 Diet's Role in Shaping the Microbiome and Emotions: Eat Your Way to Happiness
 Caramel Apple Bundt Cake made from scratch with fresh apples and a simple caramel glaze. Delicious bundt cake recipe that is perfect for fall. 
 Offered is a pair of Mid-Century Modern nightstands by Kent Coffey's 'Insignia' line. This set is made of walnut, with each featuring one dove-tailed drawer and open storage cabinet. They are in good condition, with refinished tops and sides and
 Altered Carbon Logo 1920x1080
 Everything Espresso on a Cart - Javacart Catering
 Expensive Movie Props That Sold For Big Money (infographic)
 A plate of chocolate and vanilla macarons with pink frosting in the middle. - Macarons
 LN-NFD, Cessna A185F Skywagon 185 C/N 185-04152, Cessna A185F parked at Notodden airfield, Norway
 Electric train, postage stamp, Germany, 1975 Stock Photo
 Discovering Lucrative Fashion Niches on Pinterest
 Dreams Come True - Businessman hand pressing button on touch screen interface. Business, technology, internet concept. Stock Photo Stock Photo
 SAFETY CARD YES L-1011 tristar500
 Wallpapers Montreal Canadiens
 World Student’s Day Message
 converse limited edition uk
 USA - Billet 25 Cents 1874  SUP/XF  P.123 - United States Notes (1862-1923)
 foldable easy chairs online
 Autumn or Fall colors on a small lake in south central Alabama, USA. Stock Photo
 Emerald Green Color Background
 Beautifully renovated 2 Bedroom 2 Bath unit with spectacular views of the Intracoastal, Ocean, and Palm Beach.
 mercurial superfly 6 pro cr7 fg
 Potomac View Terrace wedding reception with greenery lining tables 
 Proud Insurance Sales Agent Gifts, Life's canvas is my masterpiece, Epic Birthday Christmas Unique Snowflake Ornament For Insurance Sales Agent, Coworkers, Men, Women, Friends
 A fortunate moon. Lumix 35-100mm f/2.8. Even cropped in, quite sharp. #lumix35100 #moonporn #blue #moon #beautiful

------------------------

**Assignment**
Retype every record exactly, omitting nothing.

**Response box**
 Diet's Role in Shaping the Microbiome and Emotions: Eat Your Way to Happiness
 Caramel Apple Bundt Cake made from scratch with fresh apples and a simple caramel glaze. Delicious bundt cake recipe that is perfect for fall. 
 Offered is a pair of Mid-Century Modern nightstands by Kent Coffey's 'Insignia' line. This set is made of walnut, with each featuring one dove-tailed drawer and open storage cabinet. They are in good condition, with refinished tops and sides and
 Altered Carbon Logo 1920x1080
 Everything Espresso on a Cart - Javacart Catering
 Expensive Movie Props That Sold For Big Money (infographic)
 A plate of chocolate and vanilla macarons with pink frosting in the middle. - Macarons
 LN-NFD, Cessna A185F Skywagon 185 C/N 185-04152, Cessna A185F parked at Notodden airfield, Norway
 Electric train, postage stamp, Germany, 1975 Stock Photo
 Discovering Lucrative Fashion Niches on Pinterest
 Dreams Come True - Businessman hand pressing button on touch screen interface. Business, technology, internet concept. Stock Photo Stock Photo
 SAFETY CARD YES L-1011 tristar500
 Wallpapers Montreal Canadiens
 World Student’s Day Message
 converse limited edition uk
 USA - Billet 25 Cents 1874  SUP/XF  P.123 - United States Notes (1862-1923)
 foldable easy chairs online
 Autumn or Fall colors on a small lake in south central Alabama, USA. Stock Photo
 Emerald Green Color Background
 Beautifully renovated 2 Bedroom 2 Bath unit with spectacular views of the Intracoastal, Ocean, and Palm Beach.
 mercurial superfly 6 pro cr7 fg
 Potomac View Terrace wedding reception with greenery lining tables 
 Proud Insurance Sales Agent Gifts, Life's canvas is my masterpiece, Epic Birthday Christmas Unique Snowflake Ornament For Insurance Sales Agent, Coworkers, Men, Women, Friends
 A fortunate moon. Lumix 35-100mm f/2.8. Even cropped in, quite sharp. #lumix35100 #moonporn #blue #moon #beautiful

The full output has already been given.